Webhook fan-out

Webhook fan-out

17.06.2026, 07:00

How can one incoming webhook request be delivered to multiple systems at once? Why would you need that, and how can Adal take care of most of the work for you?

Sometimes, one webhook destination is not enough.

In a typical setup, a webhook is sent to a single system. A payment provider, CRM, GitHub, Telegram, no-code platform, or another external service makes an HTTP request to a URL you configured in advance. Your application receives that request and processes it.

But in real systems, a different question often appears: what if the same webhook needs to be delivered to more than one place?

For example, you may want to send webhook requests to your main application while also keeping a copy in a separate system for debugging or analysis. You may need to forward requests to both an old server and a new server during migration. Or you may want your support team to see incoming webhook events without giving them access to your database, admin panel, or internal infrastructure.

This pattern is usually called fan-out: one incoming request is received once and then delivered to multiple destinations.

When webhook fan-out is useful

One common use case is auditing and visibility.

Sooner or later, you may need to let another person or team inspect incoming webhook events. This could be support, QA, an integration partner, or an external specialist. Without a dedicated layer for this, you may end up giving them access to your admin panel, logs, database, or internal tools.

That is not always convenient. It is also not always safe.

Often, you need something simpler: a person should be able to see that a webhook request arrived, when it arrived, which method and path it used, what status it has, and what payload it contained — without getting access to the rest of your system.

Adal can act as a separate layer for receiving and observing webhook requests. The external service sends the webhook to Adal, and Adal forwards it to your main application. At the same time, the request remains available in Adal for inspection, debugging, and replay.

Another use case is keeping a backup copy of incoming events.

If webhook requests contain important data, you may want to send them to multiple destinations. For example, one destination can point to your main application, while another can point to a storage service, analytics pipeline, or internal endpoint that keeps copies of events for later review.

This does not replace a proper backup strategy, but it can reduce the risk of losing an important webhook because the receiving system failed, returned an error, or was temporarily unavailable.

A third common use case is server migration.

Imagine that you are moving your webhook handler from an old server to a new one. Even if you update a DNS record or change the webhook URL in an external service, the transition may not be instant. Some clients, proxies, or external systems may continue sending requests to the old address for a while because of caching.

With Adal, you can configure two destinations at the same time: the old server and the new server. The same incoming webhook request can be delivered to both systems while you verify that the new one receives and processes events correctly.

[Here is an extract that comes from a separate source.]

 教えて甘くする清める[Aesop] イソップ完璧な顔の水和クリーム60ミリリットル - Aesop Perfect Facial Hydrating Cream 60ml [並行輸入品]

Once the migration is complete, you can disable the old destination without changing the external webhook URL again.

Switching handlers without waiting for DNS

There is also a simpler scenario.

Adal Endpoint URLs are permanent. This means you can configure an external service to send webhooks to Adal once, and then control where those requests go from inside Adal.

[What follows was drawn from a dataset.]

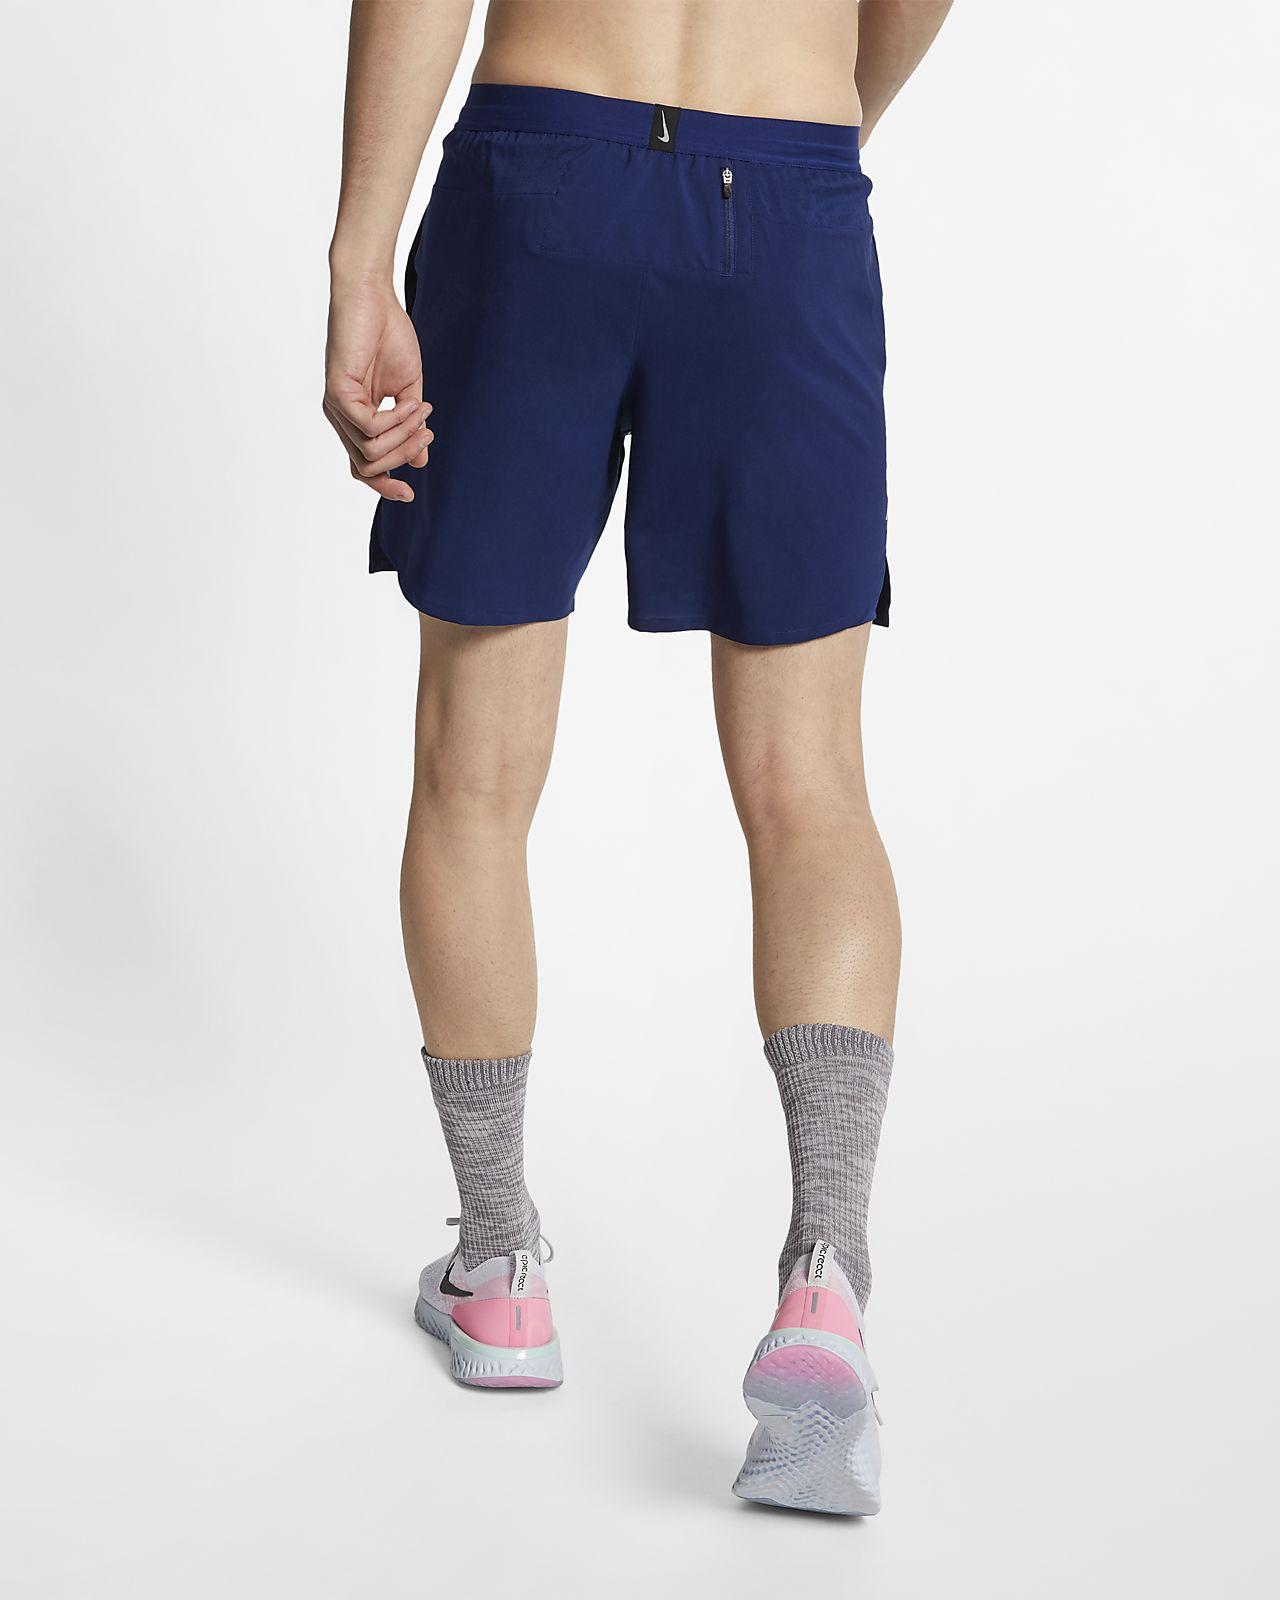 a4cff9f000a4 Nike Dri-FIT Flex Stride Men s 7

Today, you may receive webhooks locally through Adal CLI on one machine. Tomorrow, you can connect from another machine. Later, you can add a Direct HTTP destination and forward the same requests to a public server. The external webhook URL stays the same.

This is especially useful during development, testing, and gradual migration from a local environment to production.

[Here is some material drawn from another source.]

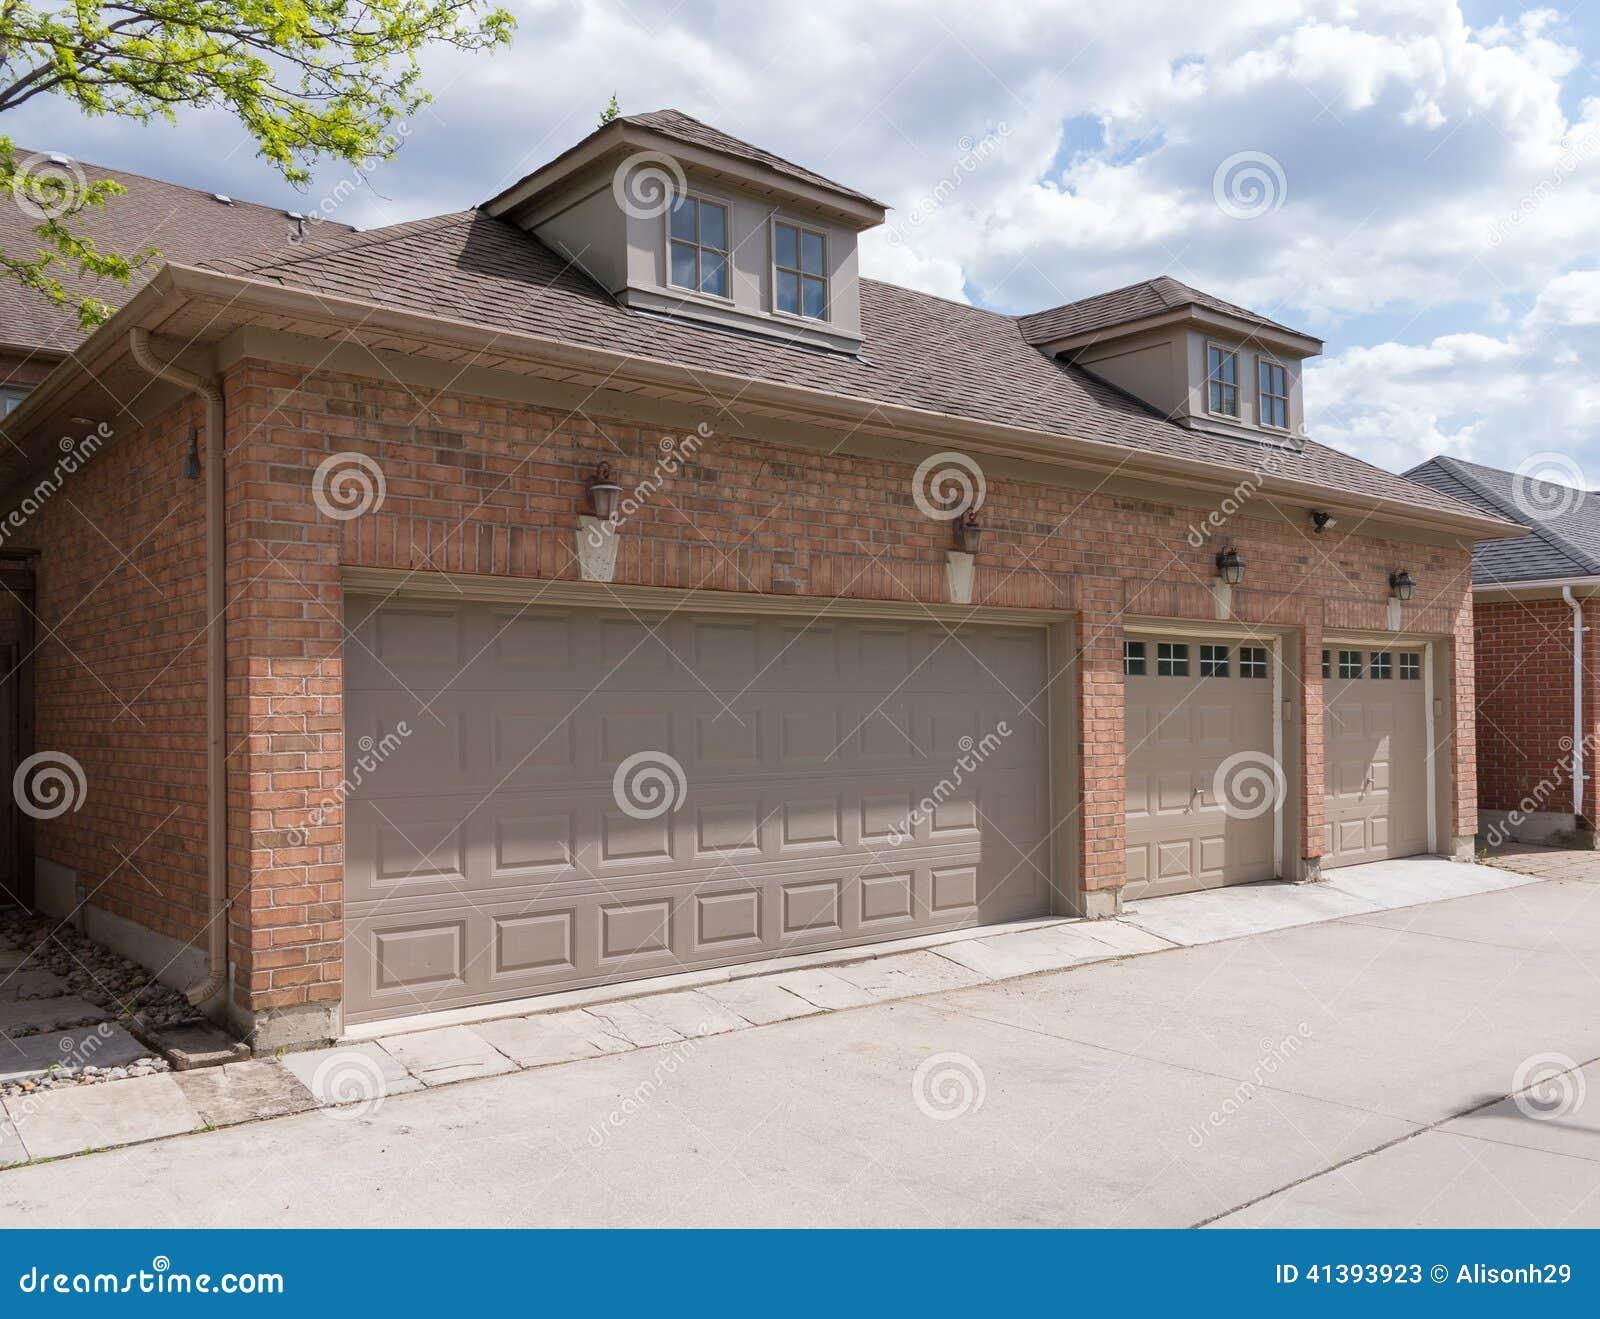 Garage Doors Stock Image Image Of Laneway Storage Brick 41393923

Instead of changing the webhook URL in an external provider every time and waiting for the new configuration to take effect, you update the destination in Adal.

What Adal does

Adal receives the incoming webhook request, stores it, and delivers it to the configured destinations.

A destination can be a local handler connected through Adal CLI or a public HTTP endpoint using Direct HTTP delivery. If multiple destinations are configured, Adal can send the same incoming request to several systems.

This allows Adal to work as a delivery layer between external services and your webhook handlers.

With Adal, you can:

  • send one webhook request to multiple systems;

  • temporarily duplicate requests during migration;

  • connect separate environments for debugging;

  • inspect incoming requests without exposing your main application;

  • replay requests when a handler was unavailable;

  • switch machines or servers without changing the external webhook URL.

If something goes wrong while you are switching handlers, Adal can still receive and store the incoming request. You can deliver it again once the required system is available.

Summary

Webhook fan-out is useful when one incoming request needs to be available to multiple systems or teams.

It can help with auditing, debugging, migration, backup copies, testing new handlers, or gradually moving from local development to a public server.

Adal lets you move this logic out of your application. Instead of building your own intermediate service, storing incoming requests, handling retries, and changing webhook URLs in external providers, you can point your webhooks to Adal once and manage delivery through destinations.